Reading Response Essays--Assignment and Guidelines

English 2110 American Lit 1, O'Donnell, ETSU Summer 2017

last update: May 31, 2017

 

Assignment

Over the course of this 5-week term, you will write 4 reading response essays, of 1-3 typed pages (300-900 words) each. Those 4 grades together count for 20% of your final grade. See the course calendar for due dates.

 

For your topics, pick anything we've read for class since the previous response essay was due.

 

Guidelines

Your purpose is to introduce a literary work that we've read for class.  Describe that work, and comment on some aspect of it. Write for a broad, general audience. Don't write for just the teacher.  Rather, write in such a way that, if a stranger found your response essay on the internet, she or he could understand and enjoy it. 

 

So, in other words, you'll follow the basic principles for good expository writing:  Announce your subject, purpose, and focus -- in your title, information blurb, and/ or first paragraph.  Clearly develop your ideas with specific info, and write in a clear and engaging fashion.

 

To that end:

1 - Write a descriptive title and subtitle, and/ or summary blurb for your response essay.

2 - Include an information blurb or text box with the basic information about the literary text you are discussing.  This usually includes:

A. author's name, and year born and died;

B. complete title of the work;

C. year that the work was first published;

D. info about publisher or periodical;

E. genre terms

 

3 - Briefly describe the work for the reader:  A. Who are the main characters?  B. Where and when is the work set?  C.  How long is it, and what are its basic plot points? 

4 - Also, consider including some or all of the following: 

A. a few words about yourself: Who you are, and why you, in particular, find the work meaningful or significant. 

B. a good quote or two from the work to which you're responding. Set up and explain each quote, and make its significance clear.

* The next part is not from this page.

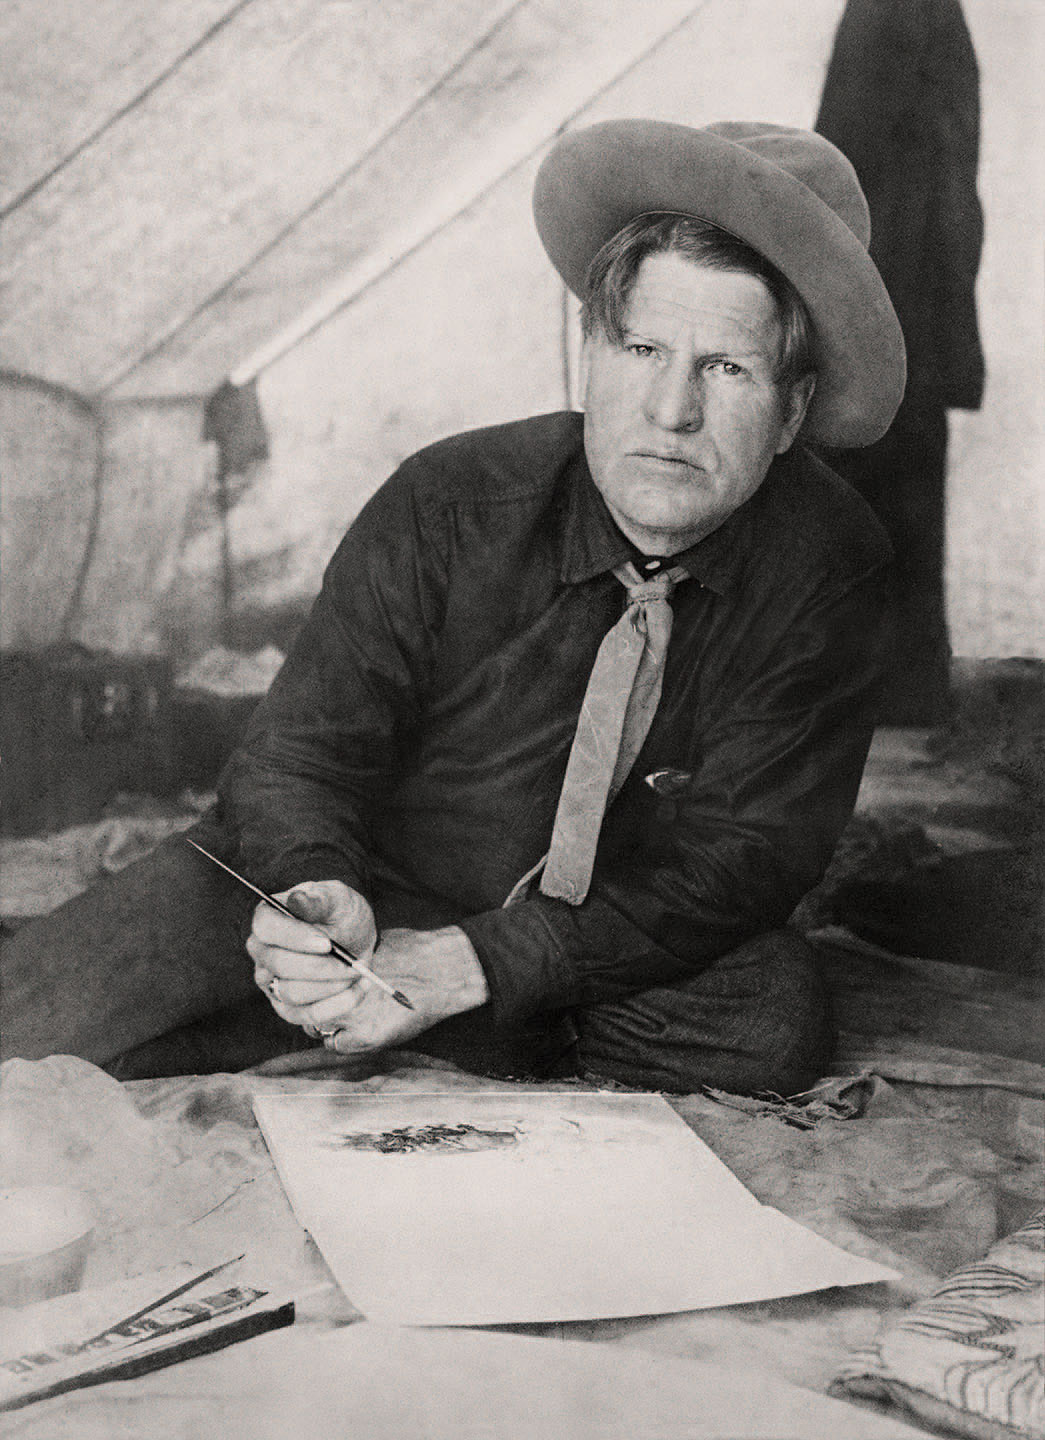 Photography: Russell Painting an Incident of the Buffalo Roundup by M.O. Hammond, 1909. Helen E. and Homer E. Britzman Collection, Gilcrease Museum Archives, University of Tulsa, Oklahoma.

C. a discussion of the author of the work, and the historical context:  When and where did that person write and publish it? What other notable events were happening around that same place and time?

 

5 - Feel free to discuss problems with the work. For example, did you find it hard to read or understand? Would other 21st century Americans have trouble with it? What challenges, specifically, does the work present? Your job is NOT to uncritically praise a work.  Rather, discuss your experience with the work, in an honest way, so that your reader can understand your take on the piece.

 

Example of a Good Title, Blurb, and First Paragraph

I adapted this from a student's essay--with that student's permission--in order to post it here as an example:

 

Here, Kitty Kitty: Poe Anticipates 21st Century Horror Movie Conventions in One Scary Short Story 

Written by Joe Student, for American Lit 1, ETSU, Tues Oct 27, 2016

 

A response to"The Black Cat"

by Edgar Allan Poe (1809-1849)

First published in United States Saturday Post (Philadelphia), August 19, 1843

Short fiction, horror, Gothic

 

Edgar Allan's creepy short story, "The Black Cat," which is reprinted in the Norton American Lit anthology, contains many of the elements that I've seen in modern American horror movies:  It features a strange narrator/ main character who seems to be going insane.  It highlights that character's psychological disturbance -- that is, his abusive behavior towards women and animals. And it hints darkly at supernatural forces, though it is never clear whether the supernatural forces are actually loose in the world, or merely figments of the narrator's disturbed imagination.